The recommended plan changes are projected to save about $31 million annually.
Pension Trustee Advisors updates ORSC, Meets with STRS Ohio
On March 14, Flick Fornia of Pension Trustee Advisors (PTA), made a presentation on pension reform to the Ohio Retirement Study Council (ORSC) that largely supported defined benefit plans. At the ORSC's request, PTA is conducting a review of the pension reform plans that the five Ohio retirement systems have proposed. In his presentation to the Council, Fornia covered general issues, rather than items specific to any one system's plan.
Fornia provided case studies of plan designs from systems in other states along with steps some of those systems took to improve solvency. He said that Ohio's retirement eligibility rules and the typical benefit with 30 years of service are consistent with other states that don't participate in Social Security. Fornia told the Council that the defined benefit model is the predominant model among the typical statewide systems. He cited economic efficiency, the ability to better manage longevity risk, the effectiveness of portfolio diversification and the strength of professional asset management as advantages of defined benefit plans. Disadvantages included the chance that large unfunded liabilities can occur and that often times, the employer is responsible for additional contributions necessary to meet the pension promise.
Fornia later met with STRS Ohio staff to ask more in-depth questions about the board's proposed pension reform plan. Members of the senior management team provided answers and will continue to research any outstanding questions. PTA is expected to complete its study of the pension systems and provide a report to the ORSC in June or July.

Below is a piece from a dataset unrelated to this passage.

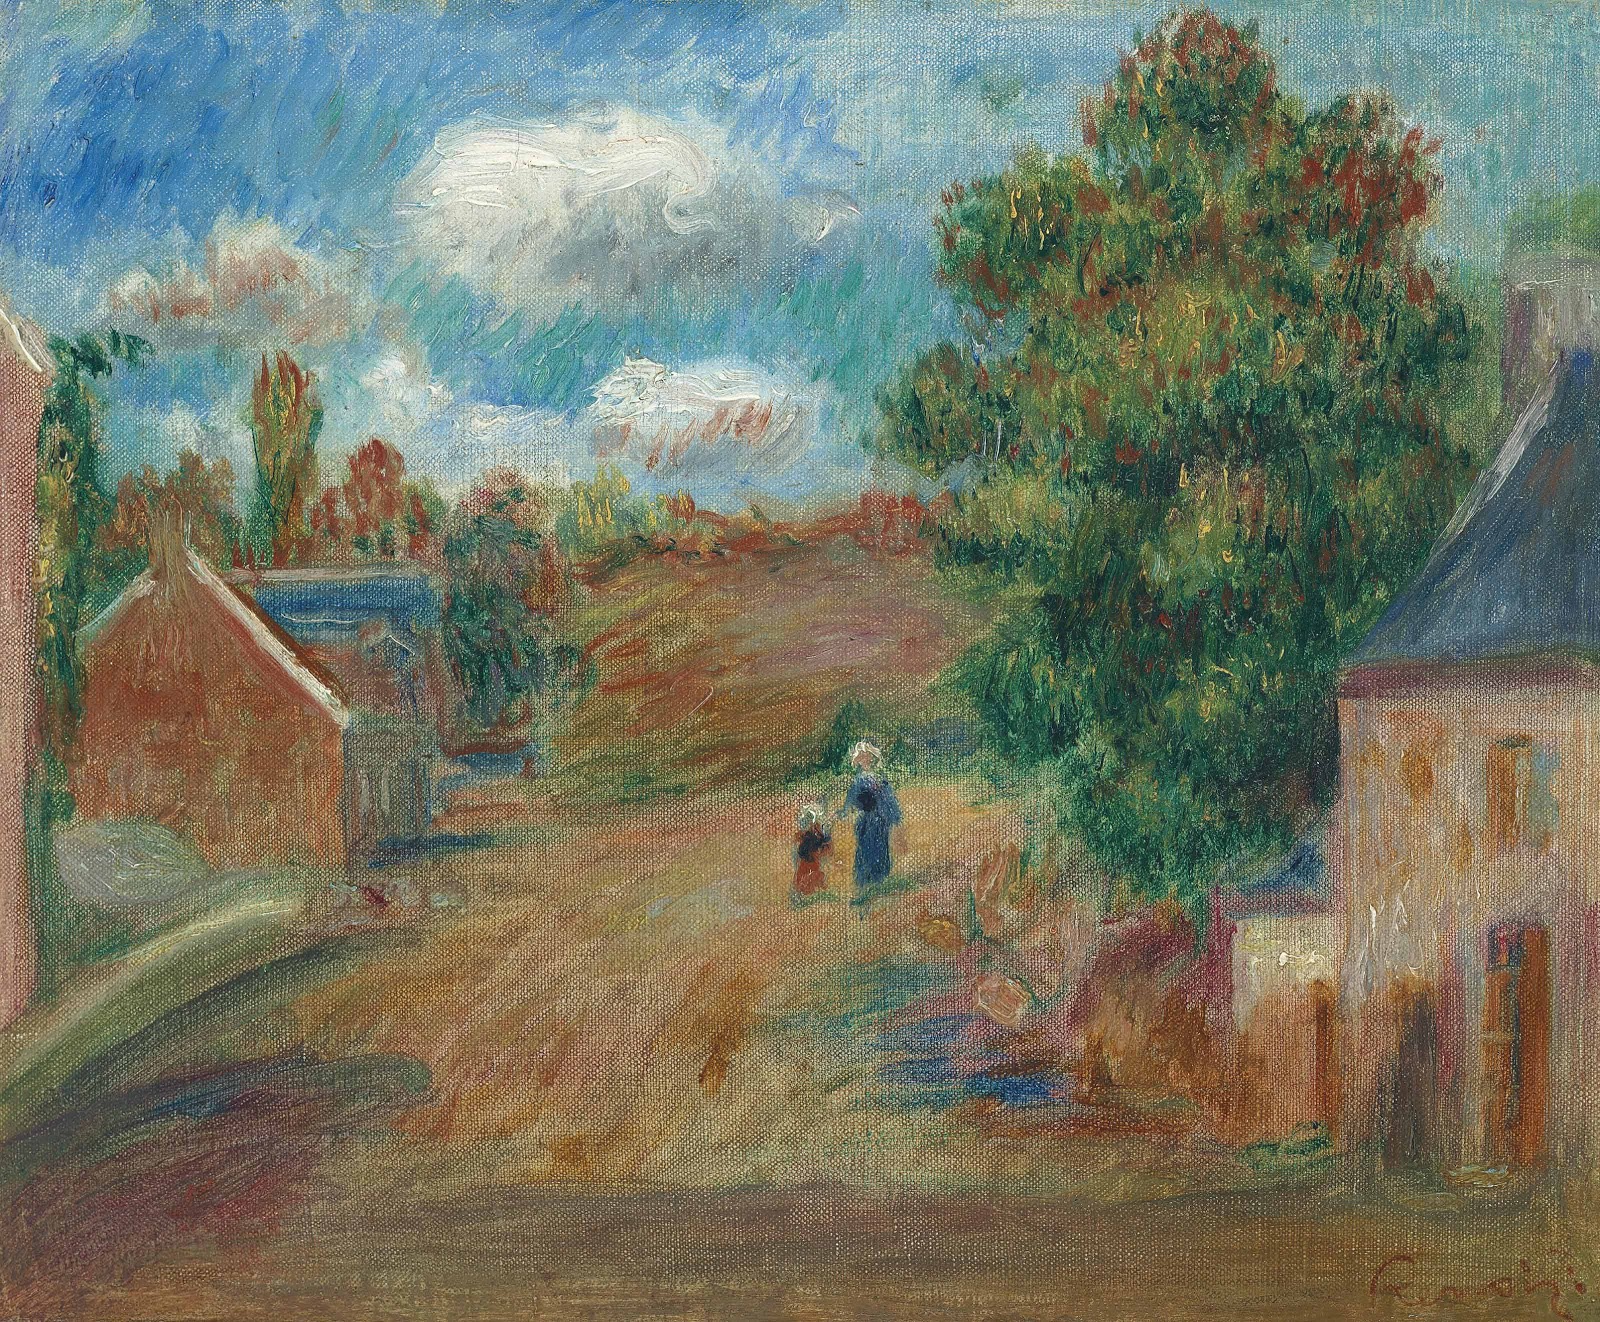 Pierre+Auguste+Renoir-1841-1-19 (846).jpg

Tim Myers Unopposed for Retirement Board Election
In 2008, Tim Myers was elected to a contributing member seat on the Retirement Board with a term that runs through Aug. 31, 2012. Myers was the only STRS Ohio contributing member to file enough completed petitions for the 2012 election for this seat by the deadline of Feb. 24, 2012. Therefore, according to Ohio statute, no election needs to be held since he is unopposed and he will continue in this seat through Aug. 31, 2016. Myers currently provides computer training for middle school students at Elida Local Schools.
Retirements Approved
The Retirement Board approved 218 active members and 126 inactive members for retirement.